__AVAILABLE DATA__.
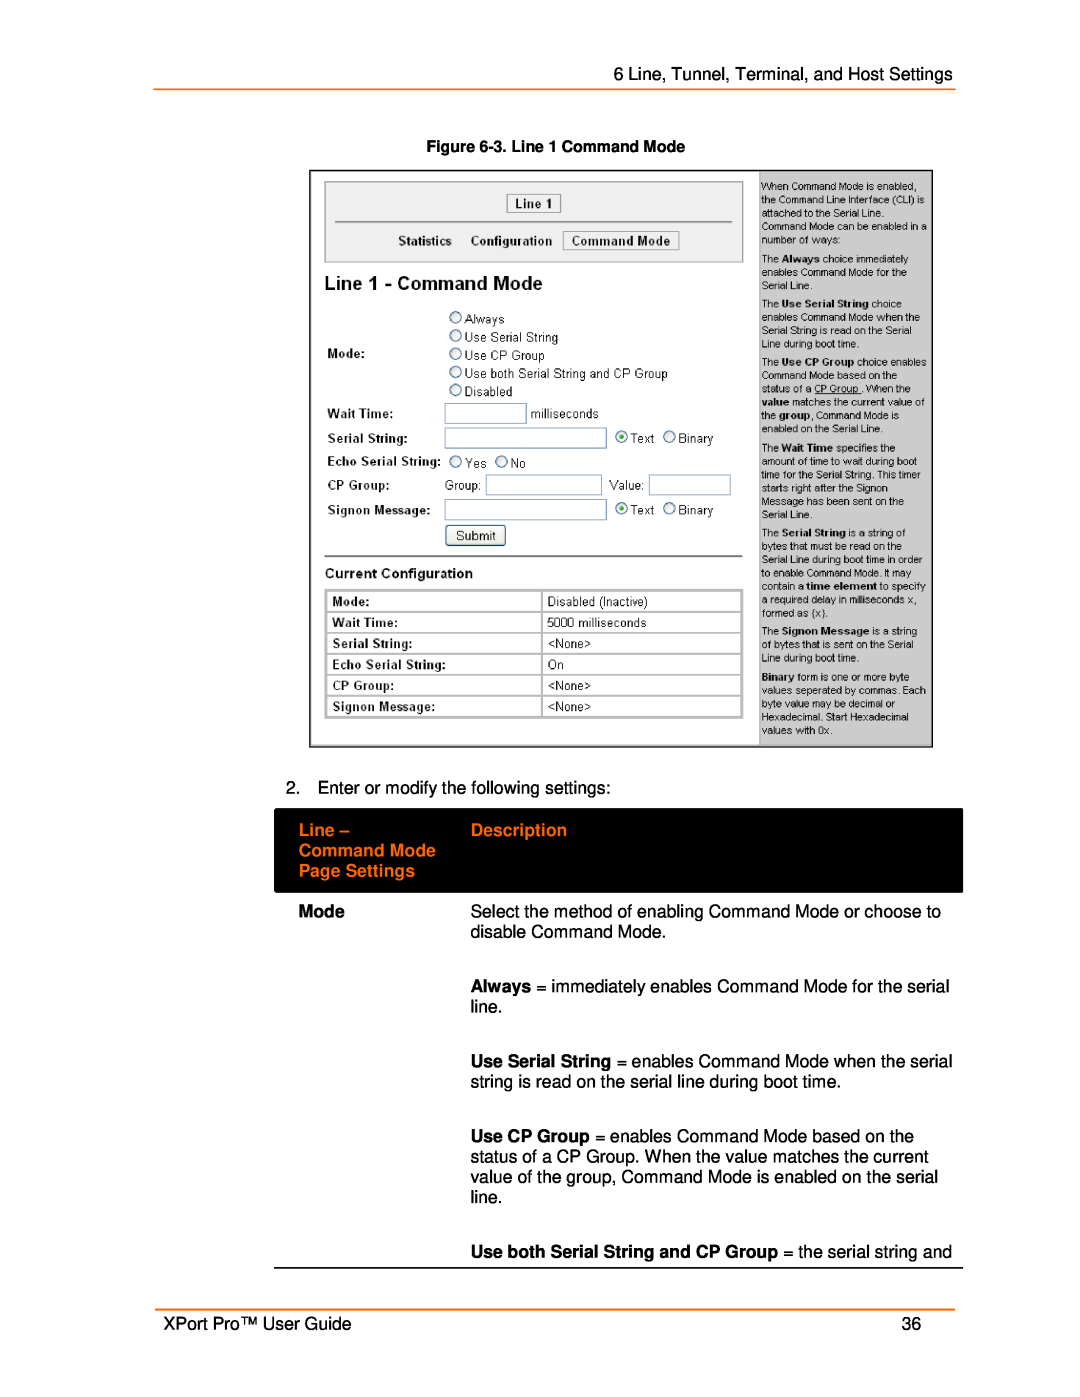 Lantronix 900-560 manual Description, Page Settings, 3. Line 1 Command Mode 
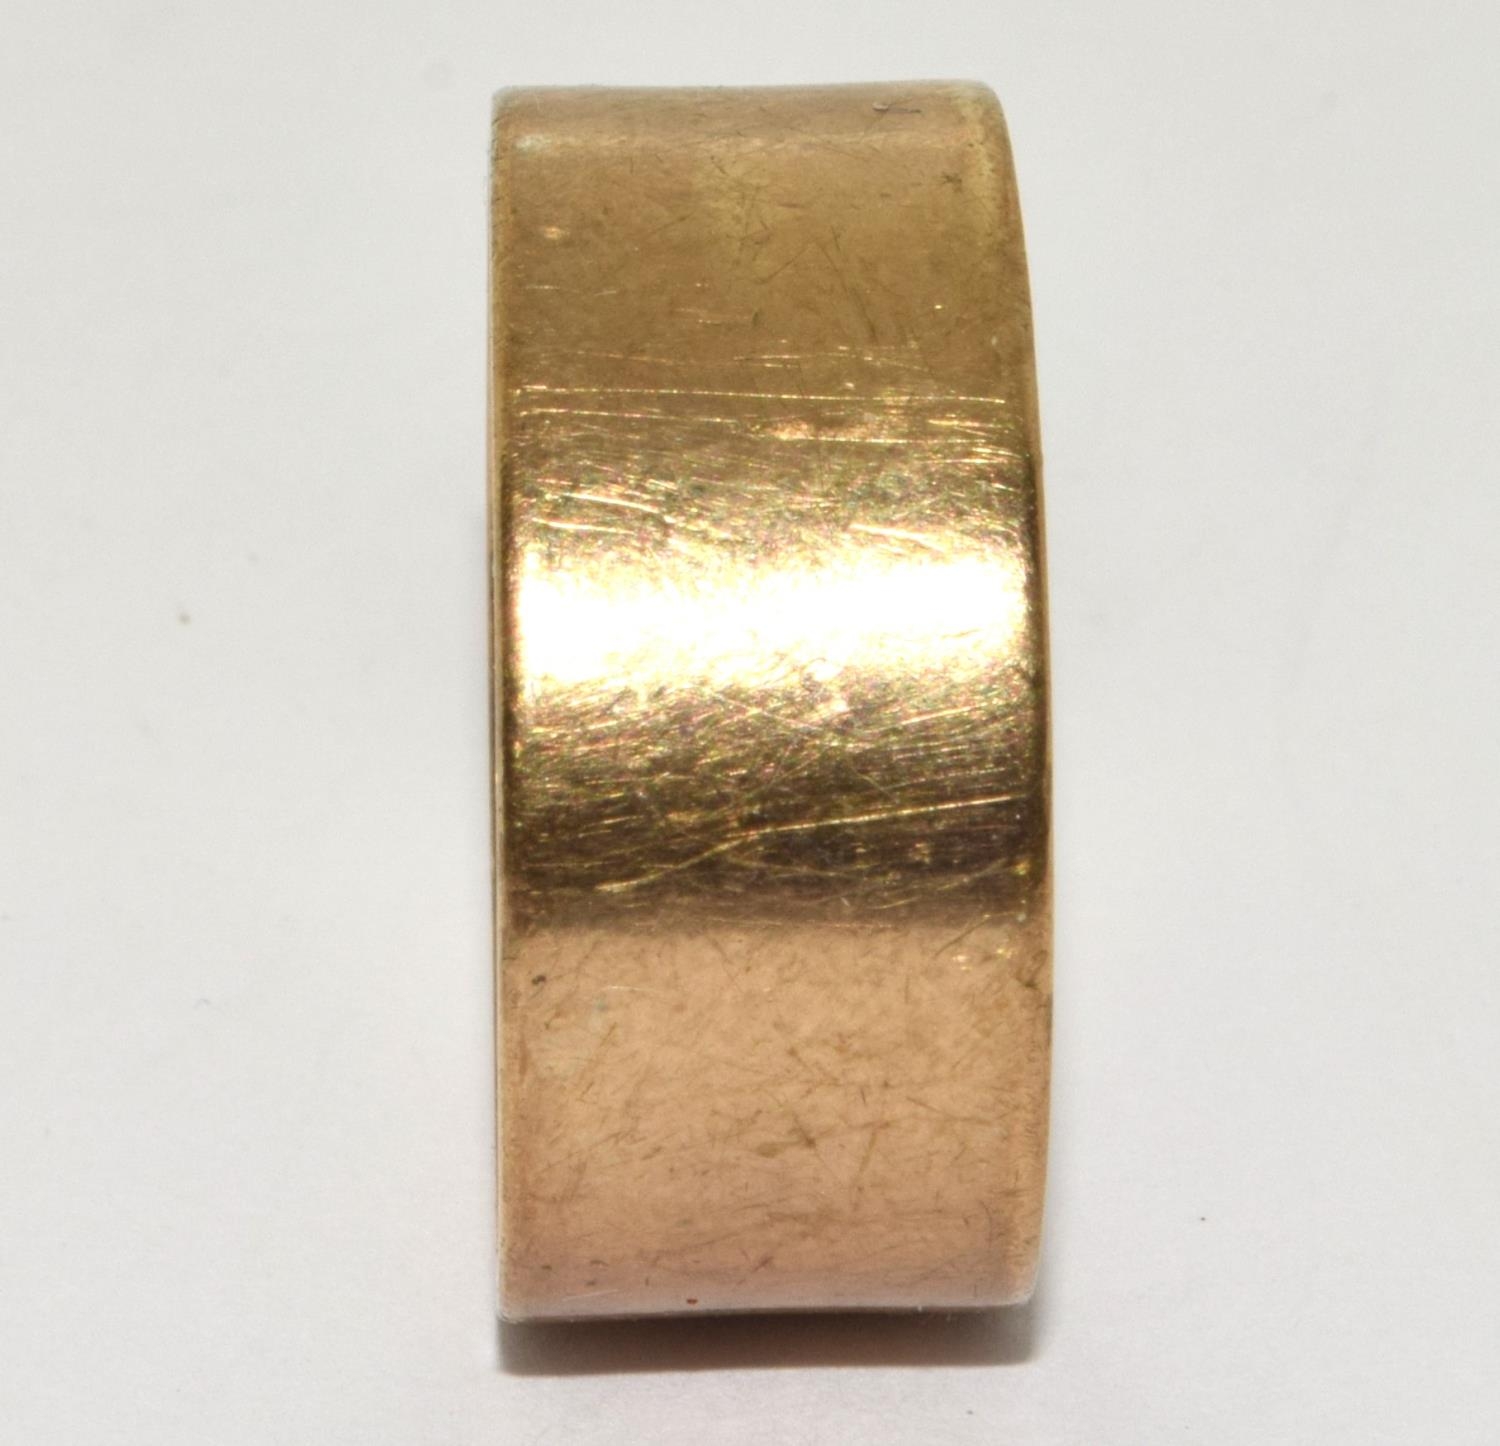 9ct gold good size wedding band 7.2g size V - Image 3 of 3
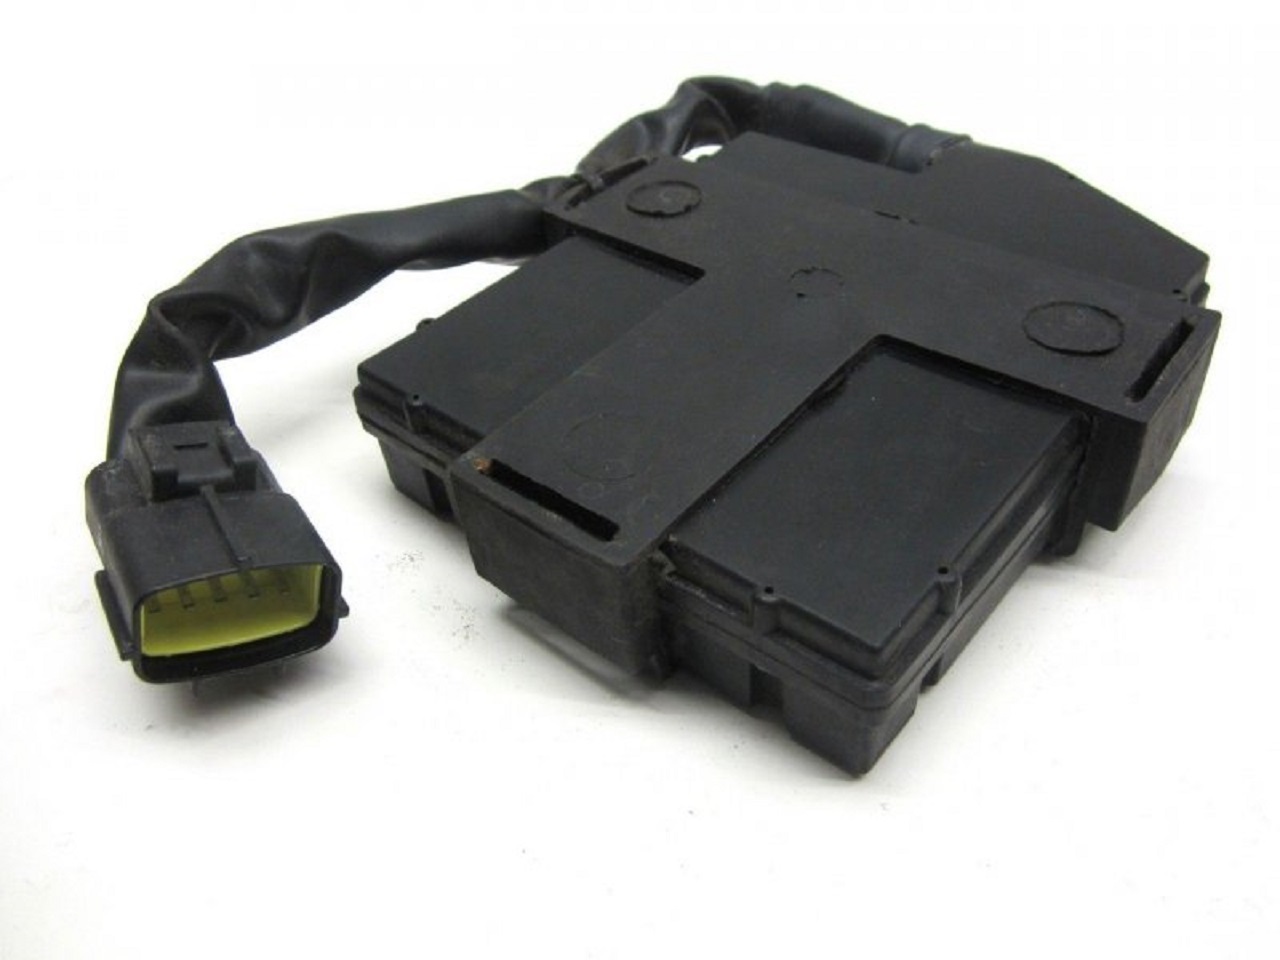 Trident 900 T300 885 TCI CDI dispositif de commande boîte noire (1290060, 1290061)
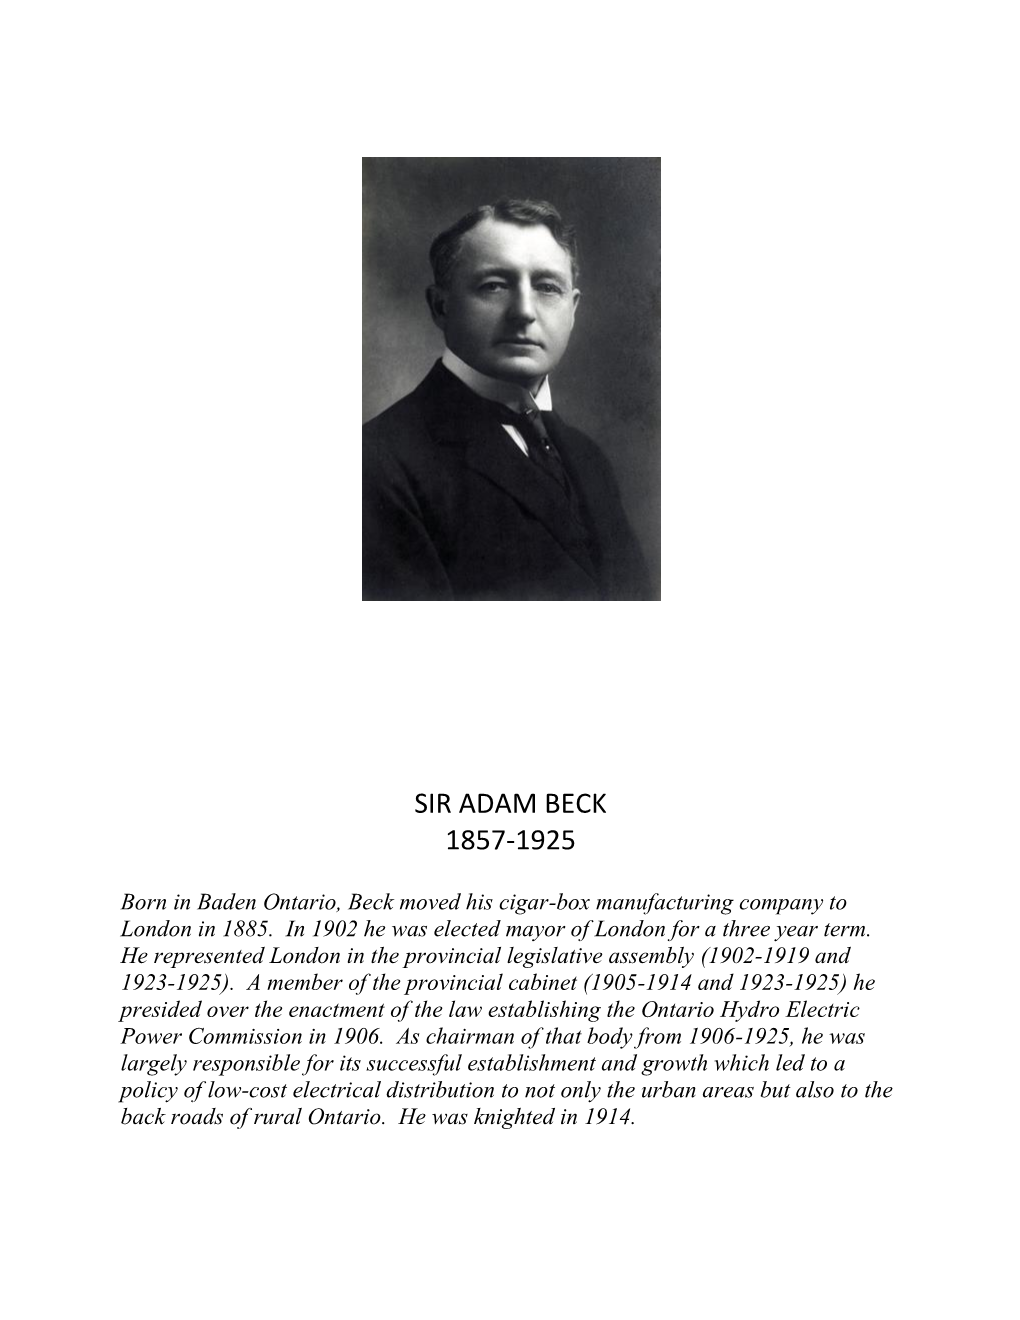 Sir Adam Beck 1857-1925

__ABOUT THIS EXERCISE__.
Reproduce word for word the lines from the one containing "9ct gold good" through the end of the data, both ends kept. Drop the pictures.

__WRITTEN ANSWER__.
 9ct gold good size wedding band 7.2g size V - Image 3 of 3
 Trident 900 T300 885 TCI CDI dispositif de commande boîte noire (1290060, 1290061)
 Sir Adam Beck 1857-1925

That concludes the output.